EXERCISE DETAILS: Reproduce each line of the following material exactly, omitting the images.

COLLECTED MATERIAL:
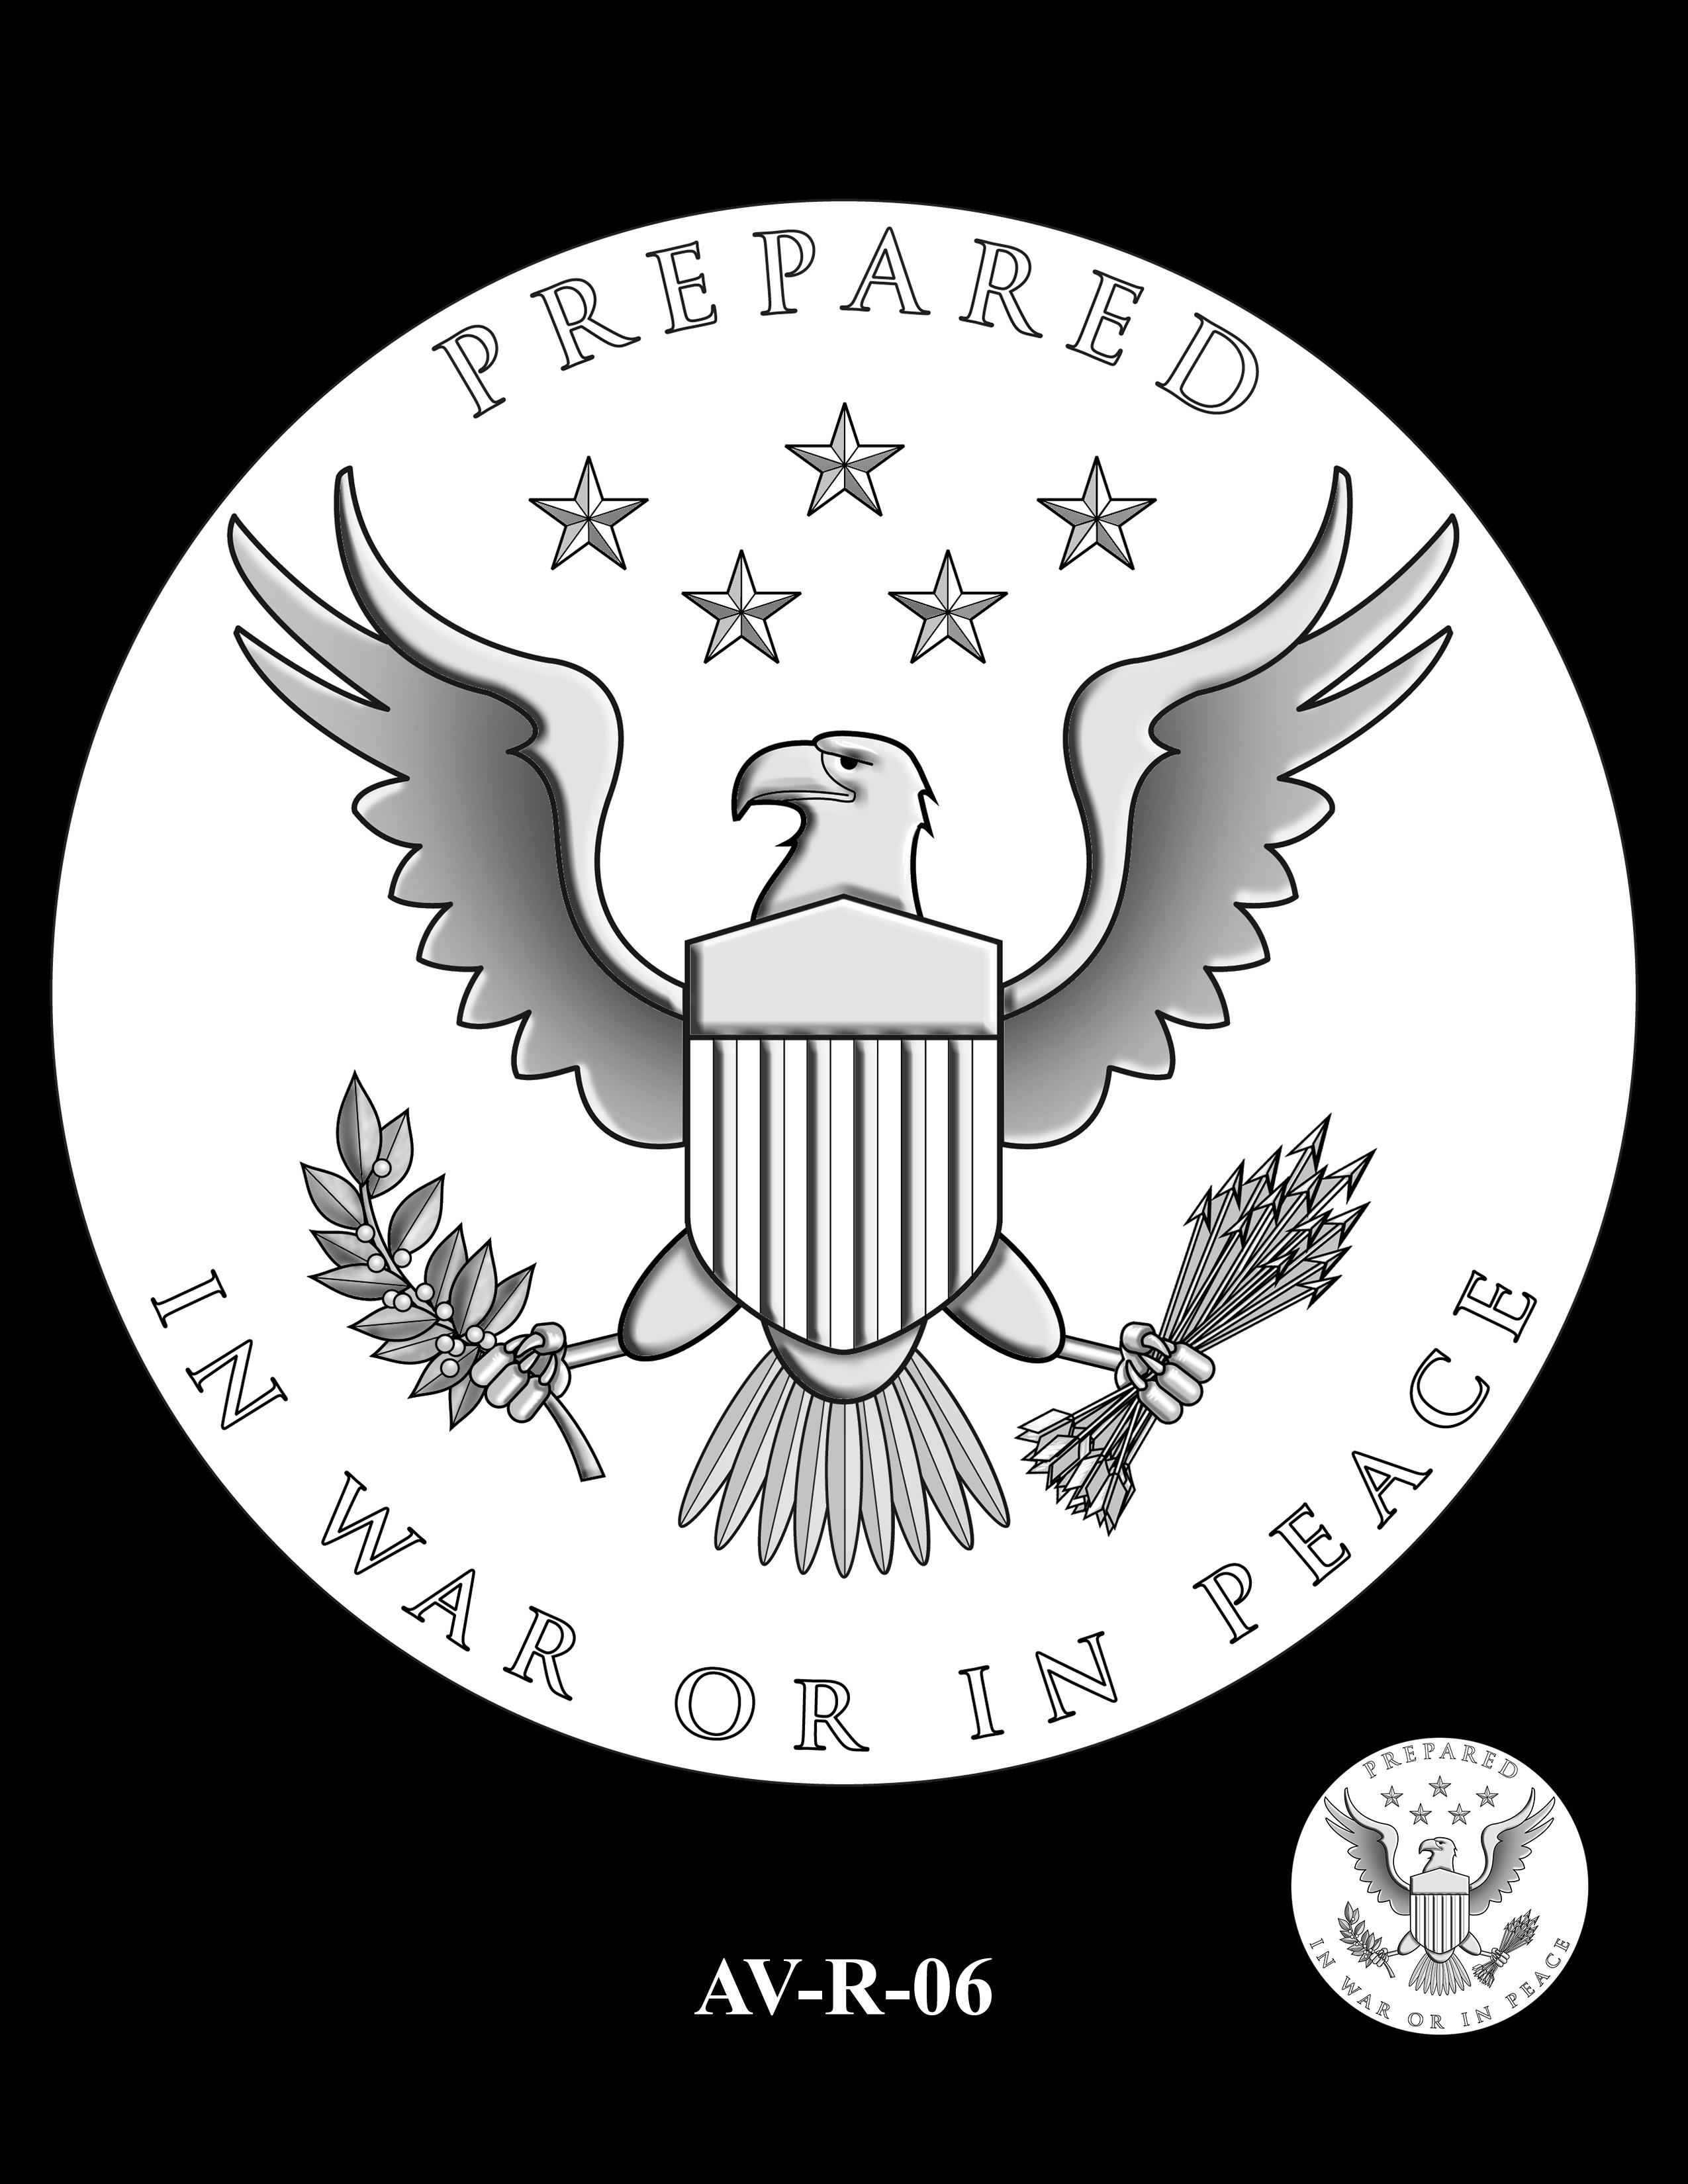 AV-R-06 - American Veterans Medal
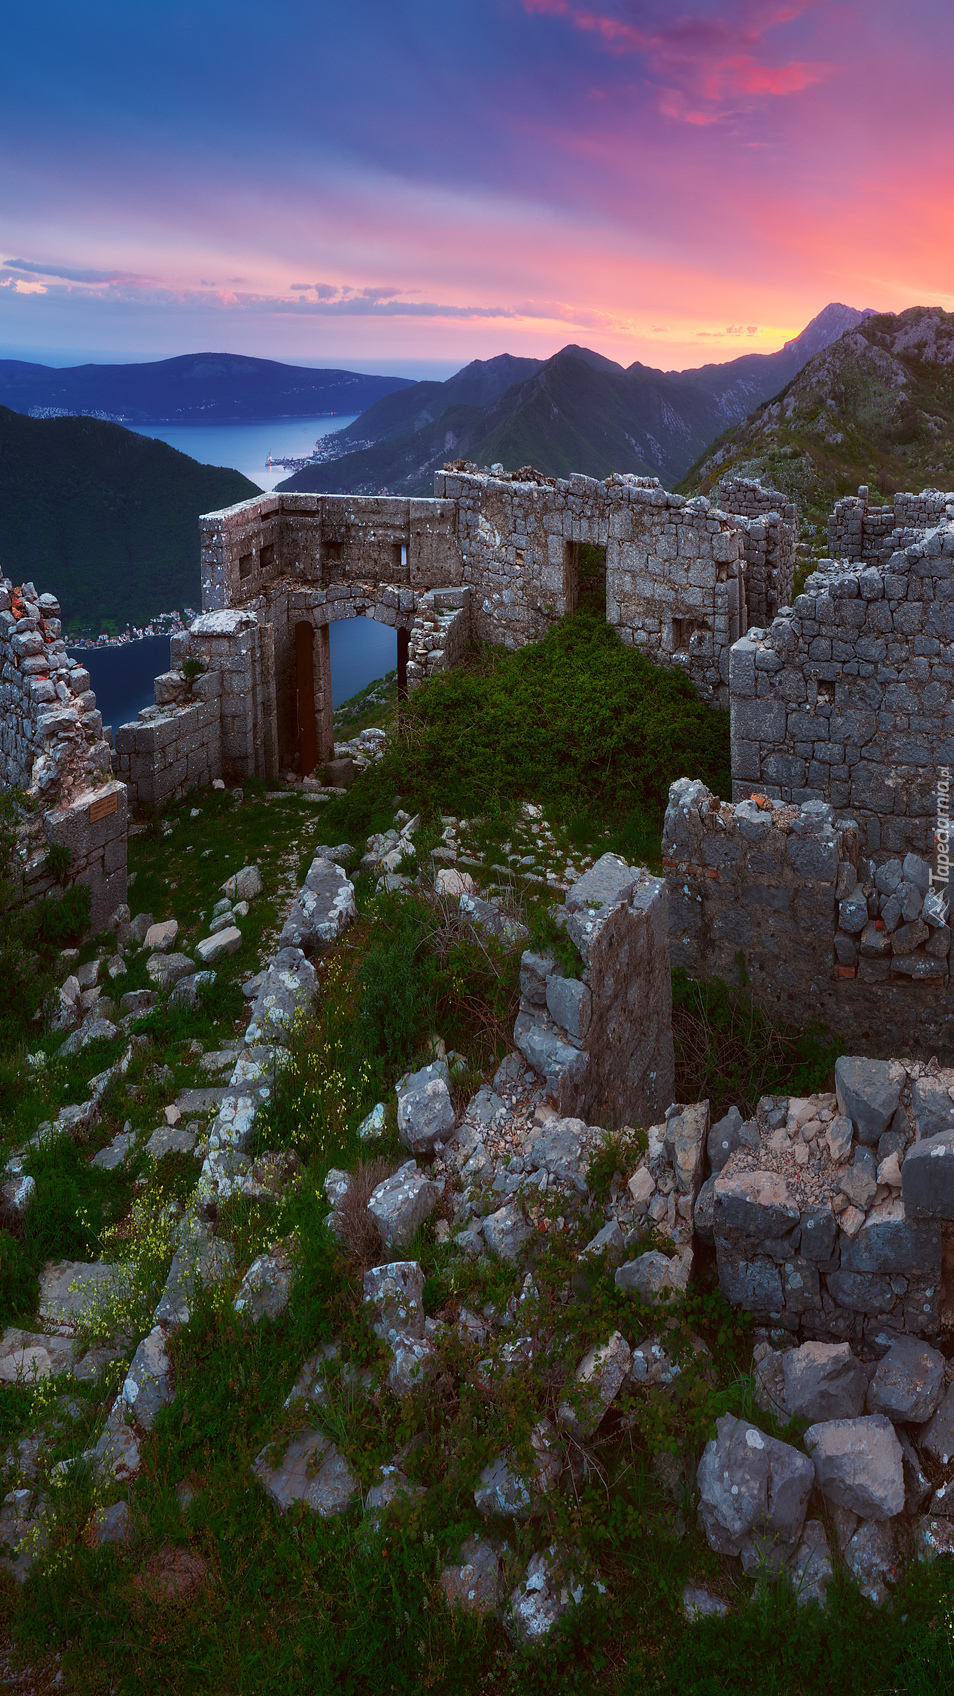 Ruiny nad zatoką Kotorską
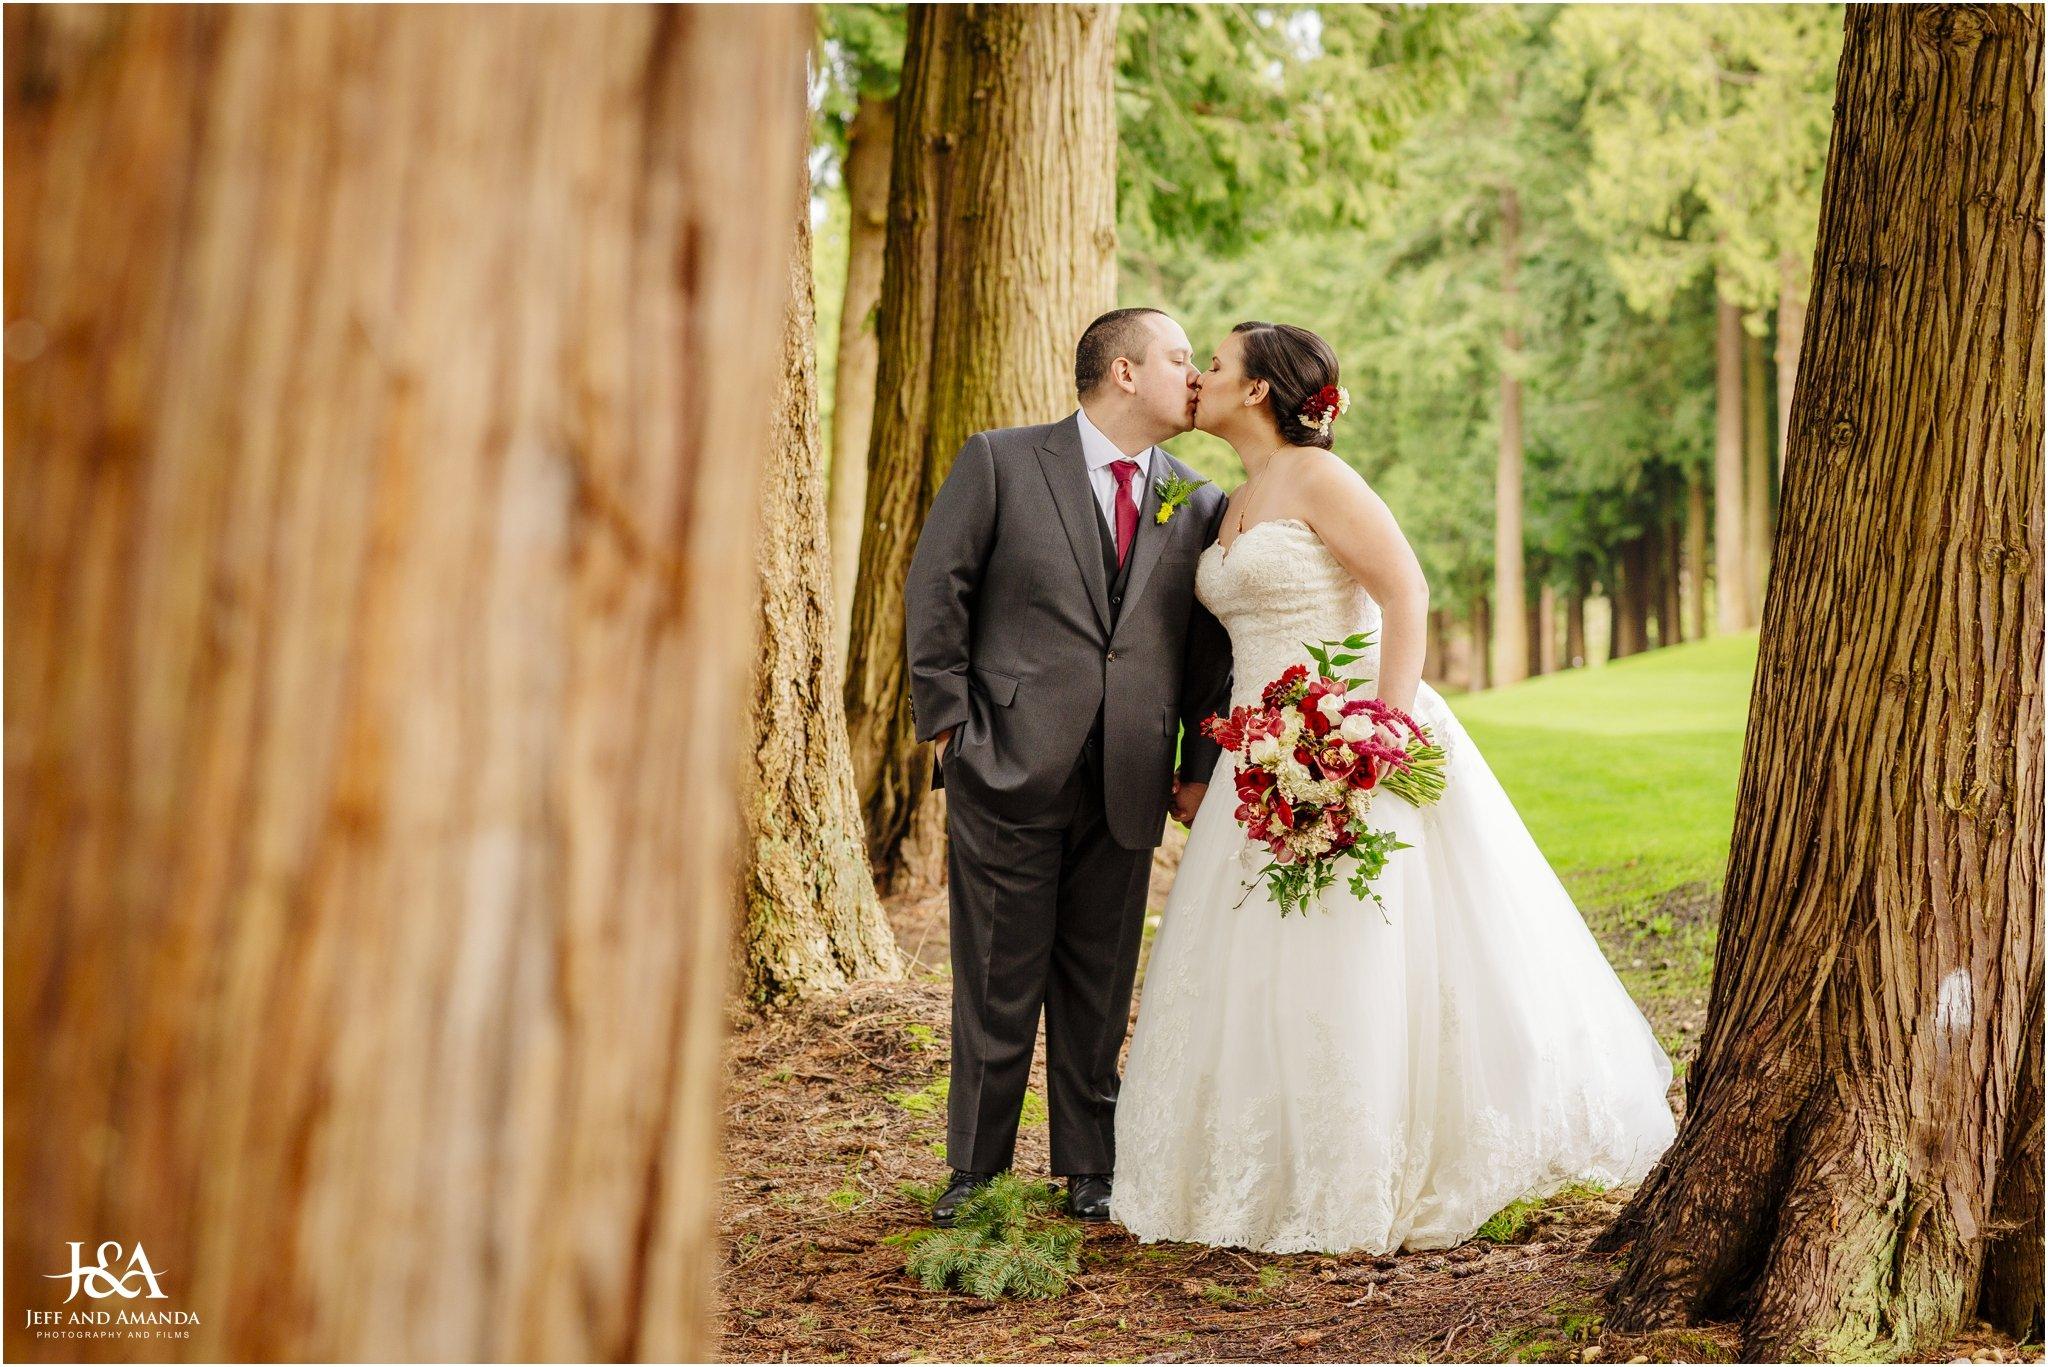 Dave and Kari s Wedding-Facebook Ready-0133.jpg

EXERCISE RESULT:
 AV-R-06 - American Veterans Medal
 Ruiny nad zatoką Kotorską
 Dave and Kari s Wedding-Facebook Ready-0133.jpg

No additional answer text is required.